Requirement> Write out again, word for word, the lines below from the line that holds "Fiskars Designer Child" through the line that holds "Folded worn car", omitting pictures.

Given records>
□ □ □ □ □ □ □

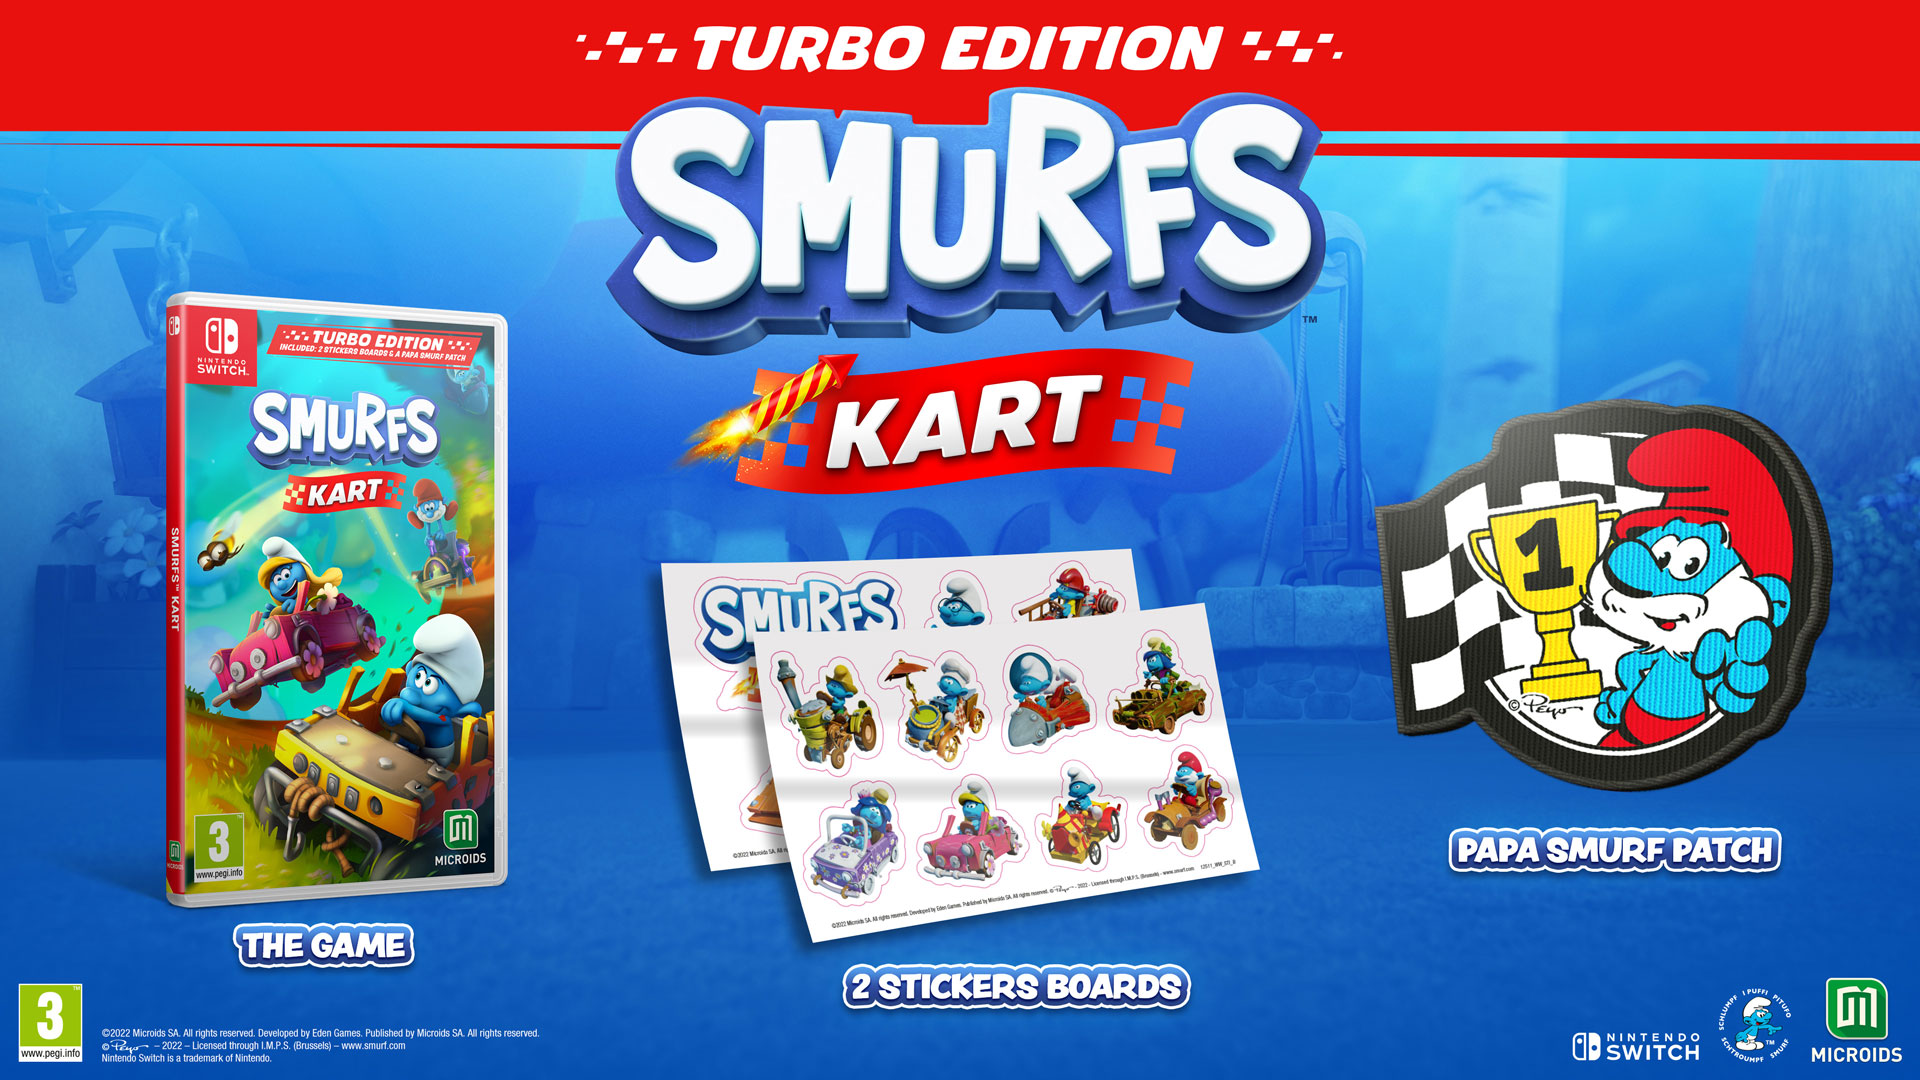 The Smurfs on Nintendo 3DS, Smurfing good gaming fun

□ □ □ □ □ □ □

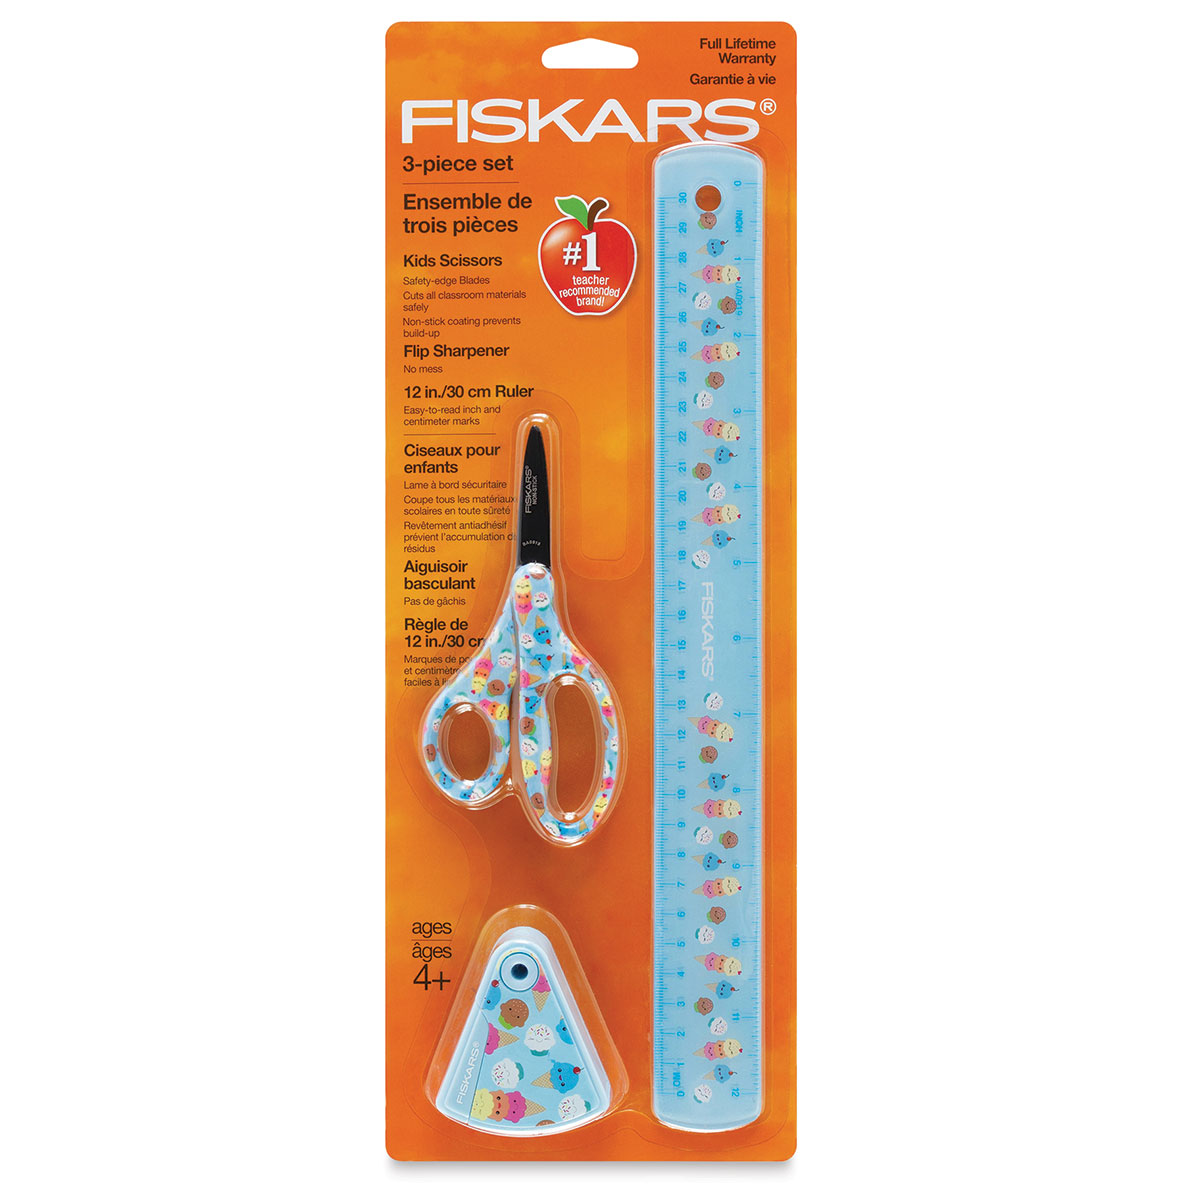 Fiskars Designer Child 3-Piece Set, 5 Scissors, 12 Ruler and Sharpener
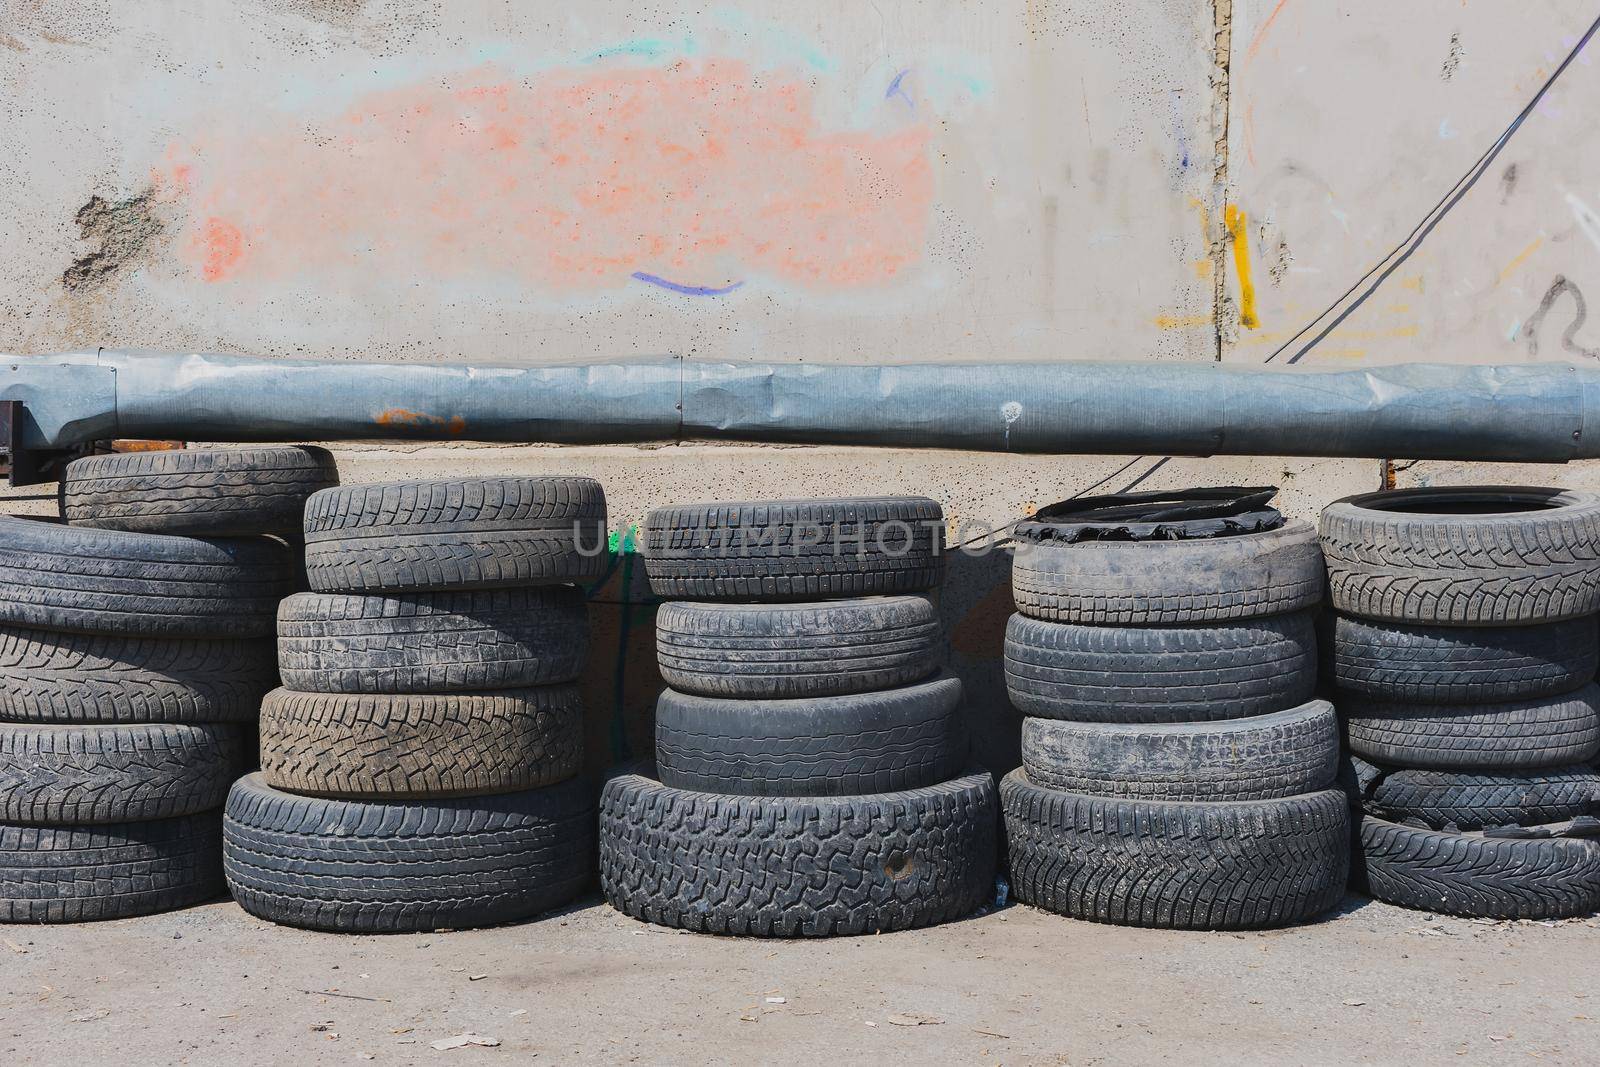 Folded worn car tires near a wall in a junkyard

□ □ □ □ □ □ □

Exercise response>
 Fiskars Designer Child 3-Piece Set, 5 Scissors, 12 Ruler and Sharpener
 Folded worn car tires near a wall in a junkyard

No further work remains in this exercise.